Clojure (java) application for parsing the ClinGen Variant Pathogenicity Interpretation msessages in JSON-LD form and transforming it into a ClinVar Variant submission record. The primary benefits are to improve consistency and reduce time to draft a ClinVar Submission Variant sheet. It has features for error checking and warnings, as well as, consistent evidence summary description generation containing the ACMG ISV criterion rules.
This project consists of
- project.clj - Clojure project and build options.
- Source code
- ld.clj - A linked-data utility for providing XPath-like queries agains json-ld input files
- form.clj - A set of ClinVar submssion specific form parsing functions
- core.clj - A set of input/output procedures for orchestrating the transformation
- report.clj - The functions for writing out the output and run report.
- Unit Tests
- Data files
- Example json files - input interpretation data files
- Clinvar Submission Template - A copy of the ClinVar Submission Template spreadsheet on which this version of the application is aligned. Also available at the ClinVar website.
- Developer Documentation
- combineall.sh - an optional script to combine multiple interpretation json files into a single json file.
This project can be downloaded and run using the
lein run command-line tool or it can used to build a stand-alone executable file for distribution. In order to perform either of these steps, you must first install the tool following the instructions in the Install section found at Leiningen.
Command line using 'Lein Run'
To run a conversion using the command-line with the lein run command ...
$ lein run "-o" "<csv output file>" "<json input file>"

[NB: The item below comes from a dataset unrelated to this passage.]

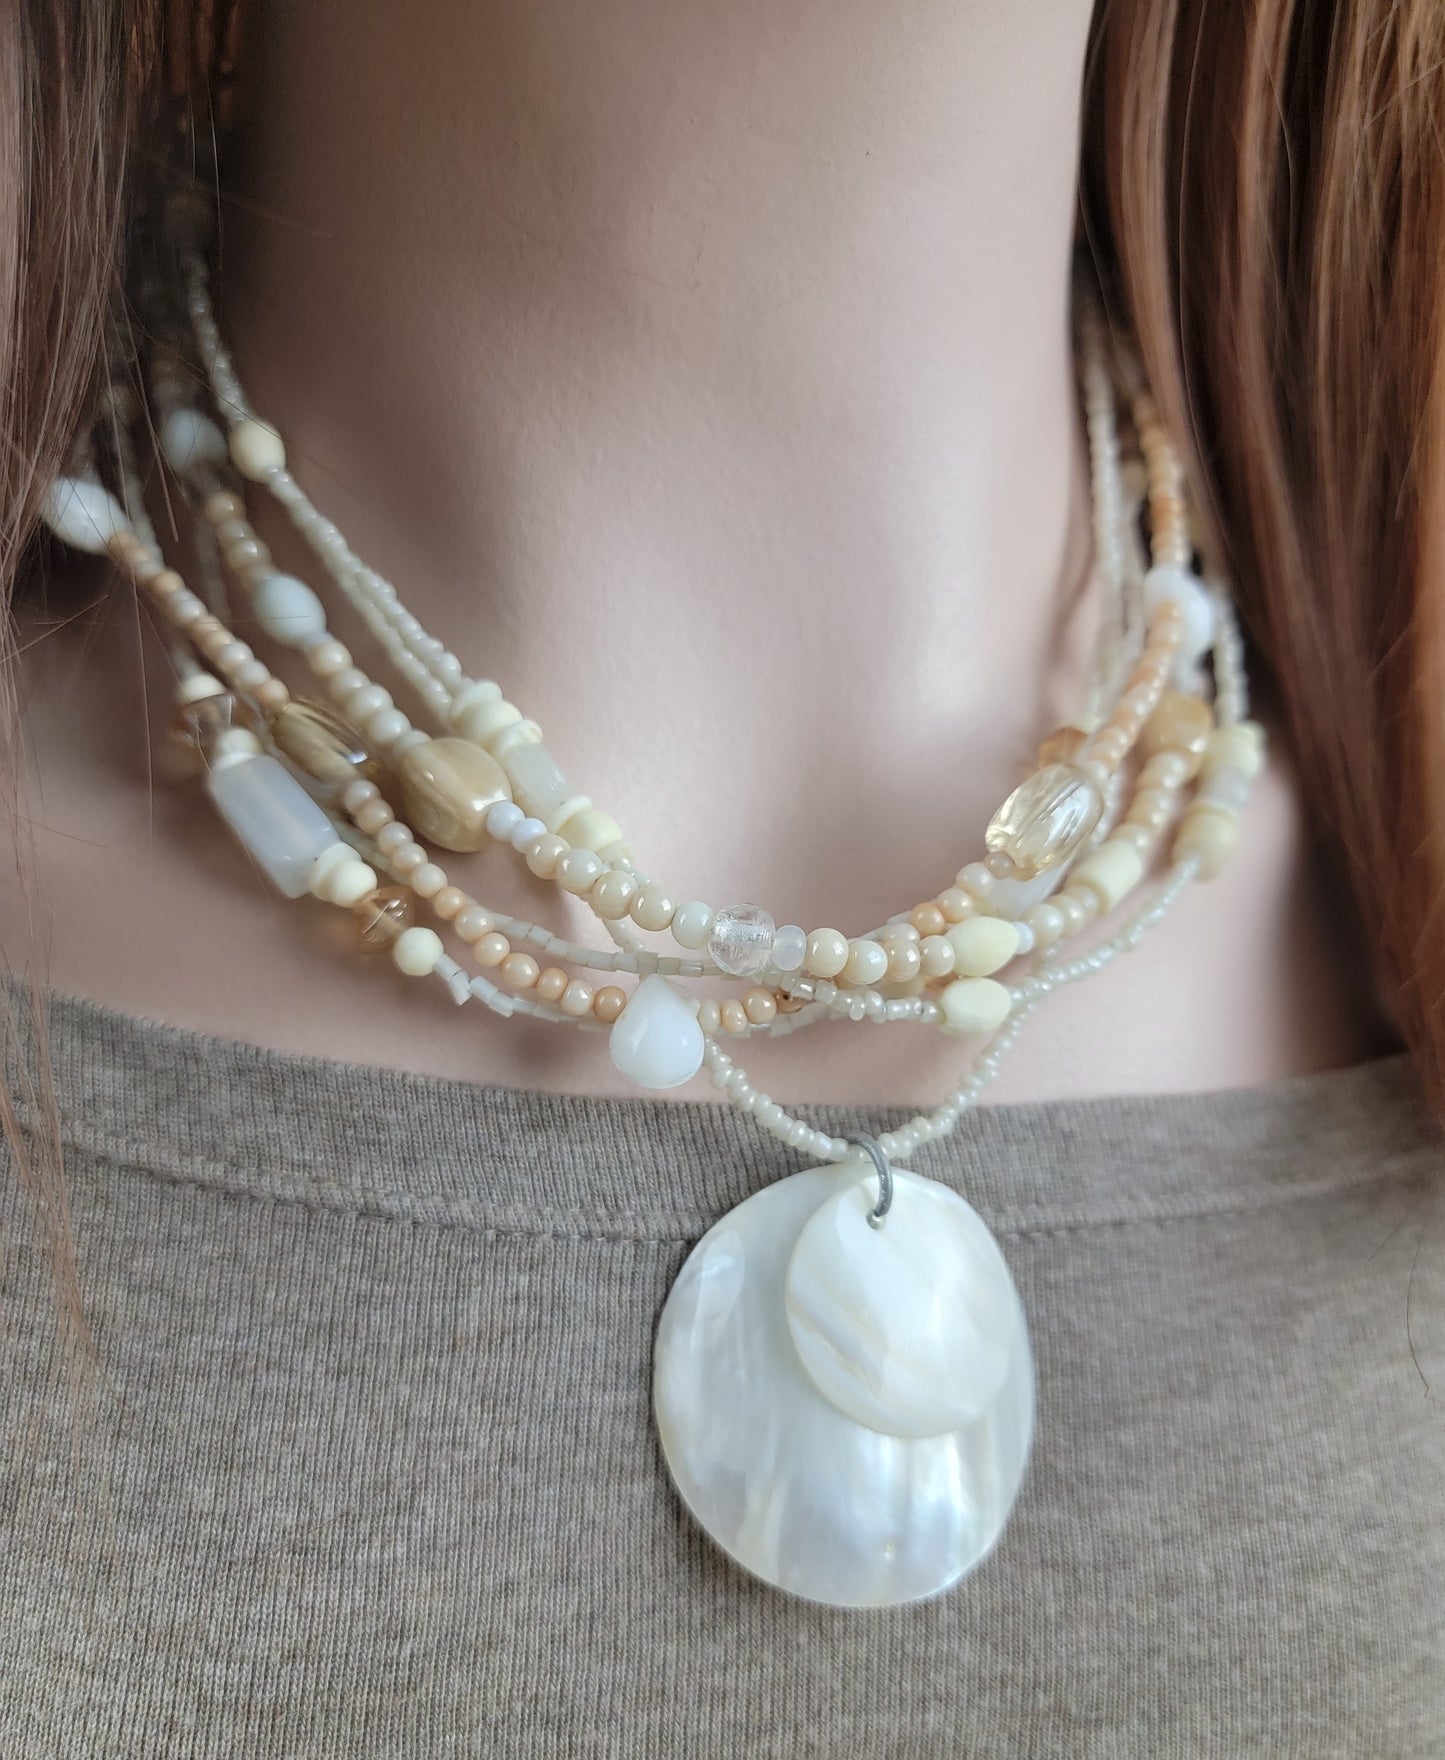 Multi Strand White Clear Cream Shell Glass Disc Bead Collar Pendant Necklace 18"

$ lein run "-o" "myoutput.csv" "data/dmwg1.json"
This will output the comma-separated clinvar-submitter records to a file called "myoutput.csv" using the input file found at "data/dmwg1.json".
By default, the output file will not be overwitten. However, if this is desired, use the "-f" like so...
$ lein run "-o" -"f" "myoutput.csv"å "data/dmwg1.json"
Command line using executable jar
NOTE: This approach requires that the executable jar file exists. See Generating Executable Jar below for more information.
To run a conversion using the command-line with the executable jar ...
$ java -jar target/uberjar/clinvar-submitter-0.0.0-SNAPSHOT.jar "-o" "myoutput.csv" "data/dmwg1.json"
Command Line Parameters
"-o" "--output FILENAME" "CSV output filename" : default "clinvar-submitter.csv" "-x" "--jsonld-context URI" "JSON-LD context file URI" :default "http://dataexchange.clinicalgenome.org/interpretatoin/json/sepio_context" "-f" "force-overwrite of output file if it exists" "-b" "--build BUILD" "Genome build alignment, GRCh37 or GRCh38" :default "GRCh37" "-r" "--report FILENAME" "Run-report filename" :default "clinvar-submission-run-report.csv" "-m" "--method METHODNAME" "Assertion-method-name" :default "ACMG Guidelines, 2015" "-c" "--methodc METHODCITATION" "Method Citation" :default "PMID:25741868"
To handle general exceptions, standard clojure exception handling methods are used using try catch block. But in some cases since we don’t want to jump out of our function with an exception, for example when an element of a json file does not exists,this app is returning either an error message, or a value. If there is an error, value is nil and error is a string error message. If no error occurred, the error message is nil.
Generating an Executable Jar.
To build an executable jar, run
$ lein uberjar Compiling clinvar-submitter.core Compiling clinvar-submitter.form Compiling clinvar-submitter.ld Created .../clinvar-submitter/target/uberjar/clinvar-submitter-1.0.0.jar Created .../clinvar-submitter/target/uberjar/clinvar-submitter-1.0.0-standalone.jar
Combining Multiple Input Files into a Single Conversion
The bash script file called combineall.sh is helpful if multiple json files containing single interpretation records need to be combined into a single input file prior to running a conversion. Doing this will output all records at once to a single CSV output file if helpful.
WARNING: this bash script is a draft and as such ...
- presumes all files to be combined live in the same directory and match the pattern dmwg*.json...
- overwrite the hardcoded output filename to be allinput.json
This will take all files in the same directory that match the pattern dmwg*.json and write them to an output file called allinput.json.
Import output to a ClinVar Submitter Form
After generating converted clinvar submitter output take the output file (in the examples above called myoutput.csv) and either copy and past it or import it into the Variant Sheet of of the ClinVarSubmissionTemplate.xlsx file (a snapshot of which may be found in the data folder).
Not supported in this release
- Phenotypes in Condition.
- Does not handle multiple codings in condition.disease.
- No validation of terms used for criteria rules or strength.
- Assumes a two-term space separated value for strength.
- No sorting of summarized met strength codes.
- No support yet for multiple file or directory input.